== Exercise brief ==
Which lines in the data below contain the string "National"? Show each one.

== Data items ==
*** Block opens ***
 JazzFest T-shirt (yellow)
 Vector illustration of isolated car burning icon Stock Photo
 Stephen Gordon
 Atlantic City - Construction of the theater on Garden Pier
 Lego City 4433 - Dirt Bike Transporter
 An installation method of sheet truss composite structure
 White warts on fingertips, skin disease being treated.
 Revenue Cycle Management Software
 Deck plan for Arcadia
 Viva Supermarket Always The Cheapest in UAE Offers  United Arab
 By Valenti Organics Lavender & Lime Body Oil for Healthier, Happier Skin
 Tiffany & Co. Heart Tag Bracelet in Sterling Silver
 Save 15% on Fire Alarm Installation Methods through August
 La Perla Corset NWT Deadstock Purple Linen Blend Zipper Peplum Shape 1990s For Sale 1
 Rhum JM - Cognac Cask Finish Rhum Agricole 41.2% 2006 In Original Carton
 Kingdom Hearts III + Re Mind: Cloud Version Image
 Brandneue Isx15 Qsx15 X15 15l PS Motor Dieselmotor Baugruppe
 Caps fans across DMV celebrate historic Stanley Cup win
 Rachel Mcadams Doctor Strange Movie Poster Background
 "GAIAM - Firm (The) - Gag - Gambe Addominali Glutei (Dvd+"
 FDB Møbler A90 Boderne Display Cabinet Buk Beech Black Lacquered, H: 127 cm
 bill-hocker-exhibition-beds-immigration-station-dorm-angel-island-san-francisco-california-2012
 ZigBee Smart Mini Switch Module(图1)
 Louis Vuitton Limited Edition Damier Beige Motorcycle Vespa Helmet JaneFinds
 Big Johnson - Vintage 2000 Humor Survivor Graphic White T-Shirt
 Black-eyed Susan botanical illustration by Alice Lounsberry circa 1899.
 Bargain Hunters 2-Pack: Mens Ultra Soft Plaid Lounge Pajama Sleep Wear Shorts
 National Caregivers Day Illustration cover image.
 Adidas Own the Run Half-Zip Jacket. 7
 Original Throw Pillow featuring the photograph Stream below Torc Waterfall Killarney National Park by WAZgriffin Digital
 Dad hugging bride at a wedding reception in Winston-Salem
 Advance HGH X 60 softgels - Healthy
*** Block closes ***
== Response for this exercise ==
 National Caregivers Day Illustration cover image.
 Original Throw Pillow featuring the photograph Stream below Torc Waterfall Killarney National Park by WAZgriffin Digital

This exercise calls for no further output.